# Activity
Word for word, restate the lines of the listing below from the line with "Попередження про туман" through the line with "Цены на бензин", and do not include the pictures.

# Task inputs

——

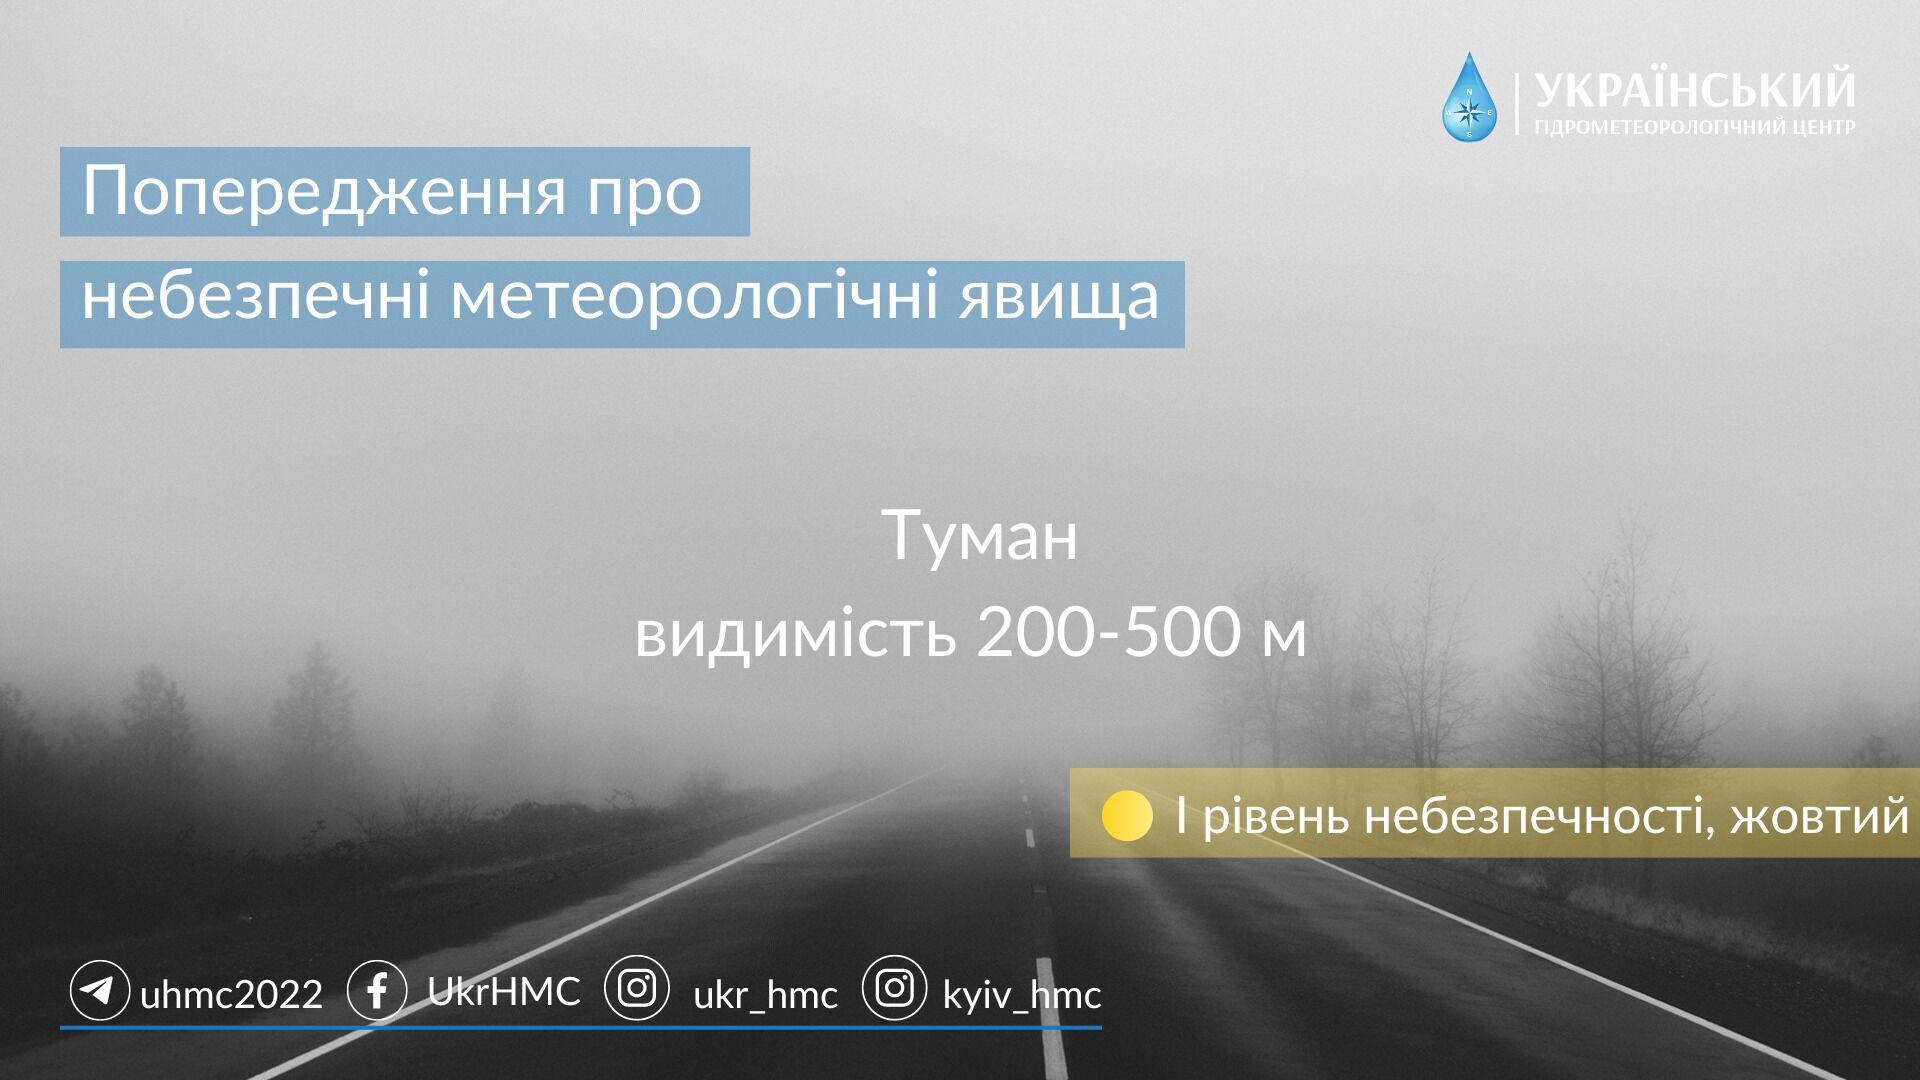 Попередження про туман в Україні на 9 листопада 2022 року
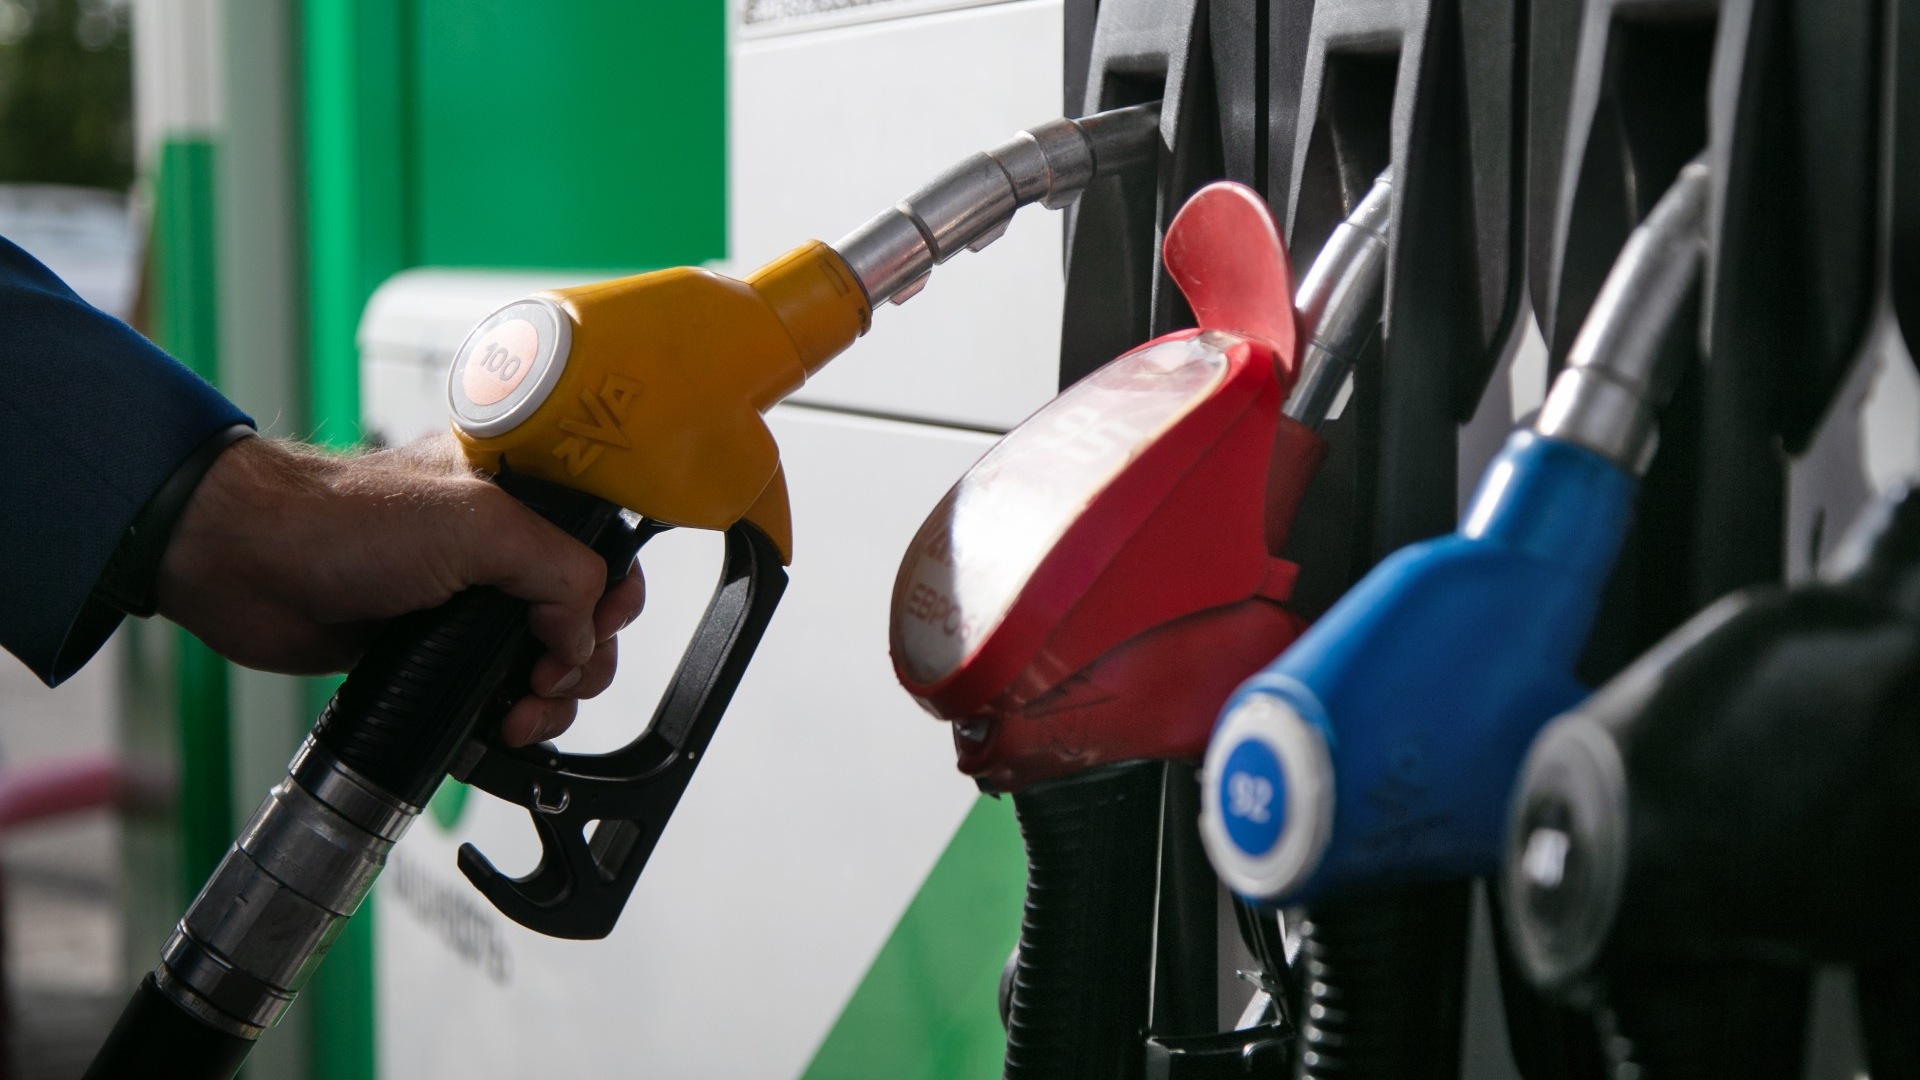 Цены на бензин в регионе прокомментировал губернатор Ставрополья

——

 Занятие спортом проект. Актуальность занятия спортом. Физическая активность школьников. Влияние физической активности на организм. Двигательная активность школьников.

——

# Problem solution
 Попередження про туман в Україні на 9 листопада 2022 року
 Цены на бензин в регионе прокомментировал губернатор Ставрополья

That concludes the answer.